The Ontario government has reached a tentative agreement with its public high-school teachers' union to extend the current contract, the last education union to do so.

The Ontario Secondary School Teachers' Federation said on Thursday that it had agreed on a deal to extend its contract for teachers and support staff by two years.

If deals with all education unions are ratified, it will mean that Premier Kathleen Wynne, who is in the fight of her life to win voters, won't have to contend with labour disputes in schools during the coming election.

Education Minister Mitzie Hunter described the discussions with OSSTF as "extremely collaborative and productive."

All collective agreements with education workers in the province were to expire in August, and even a one-year extension would have given the Liberals labour peace during an election, which is expected to be held in the spring of 2018.

Only after The Globe and Mail revealed last September that the government was in discussions to extend the contract with the OSSTF did the Liberals confirm they had offered extensions to all unions that were part of a lawsuit against the province over Bill 115, a 2012 piece of legislation that imposed contracts on education workers and suspended their right to strike. The OSSTF, ETFO and the Canadian Union of Public Employees, among others, won a court ruling last year deeming Bill 115 unconstitutional. The unions were discussing compensation with the province; the contract extension was an option the government put on the table.
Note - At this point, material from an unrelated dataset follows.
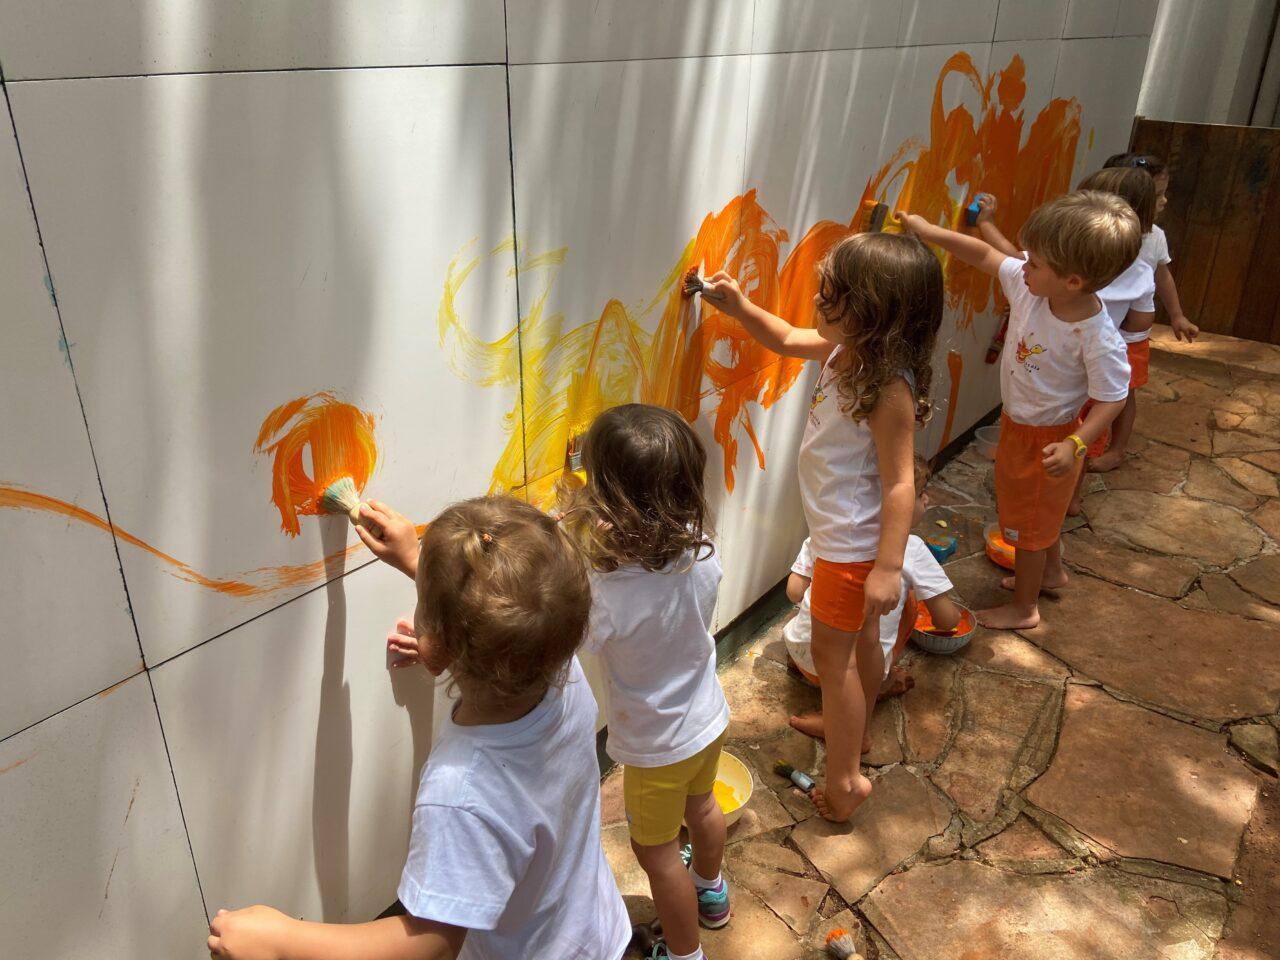 Crianças pequenas pintando a parede com as cores amarela e laranja.

In its agreement with the government, the OSSTF also reached a remedy on its Bill 115 lawsuit.

Paul Elliott, president of the OSSTF, declined comment on Thursday, saying that he will speak following the ratification vote on the contract extension and lawsuit remedy.

Two other unions, the Canadian Union of Public Employees, which represents educational assistants, early childhood educators and custodians, and French-language teachers, recently ratified their two-year contract extensions with the government.

The deal with CUPE includes a 4-per-cent wage increase over two years. That is similar to tentative deals the government has reached with other education unions, including public elementary school teachers and Catholic teachers.

The tentative agreement with the Catholic teachers also includes more supports for students with special needs, and, according to news reports, the government has agreed to cap kindergarten classes at 30 students in its tentative deal with the Elementary Teachers' Federation of Ontario. The current agreement ended a tough series of negotiations with all education-worker unions, during which the OSSTF held strikes at school boards in the Toronto area and in Northern Ontario, and the government legislated teachers back to work.

Wrestling a deficit, the province insisted all labour deals be "net zero," meaning something must be cut to offset the cost of raises.

But Ms. Wynne recently indicated that she was ready to loosen the purse strings for the next round of talks with public-sector unions.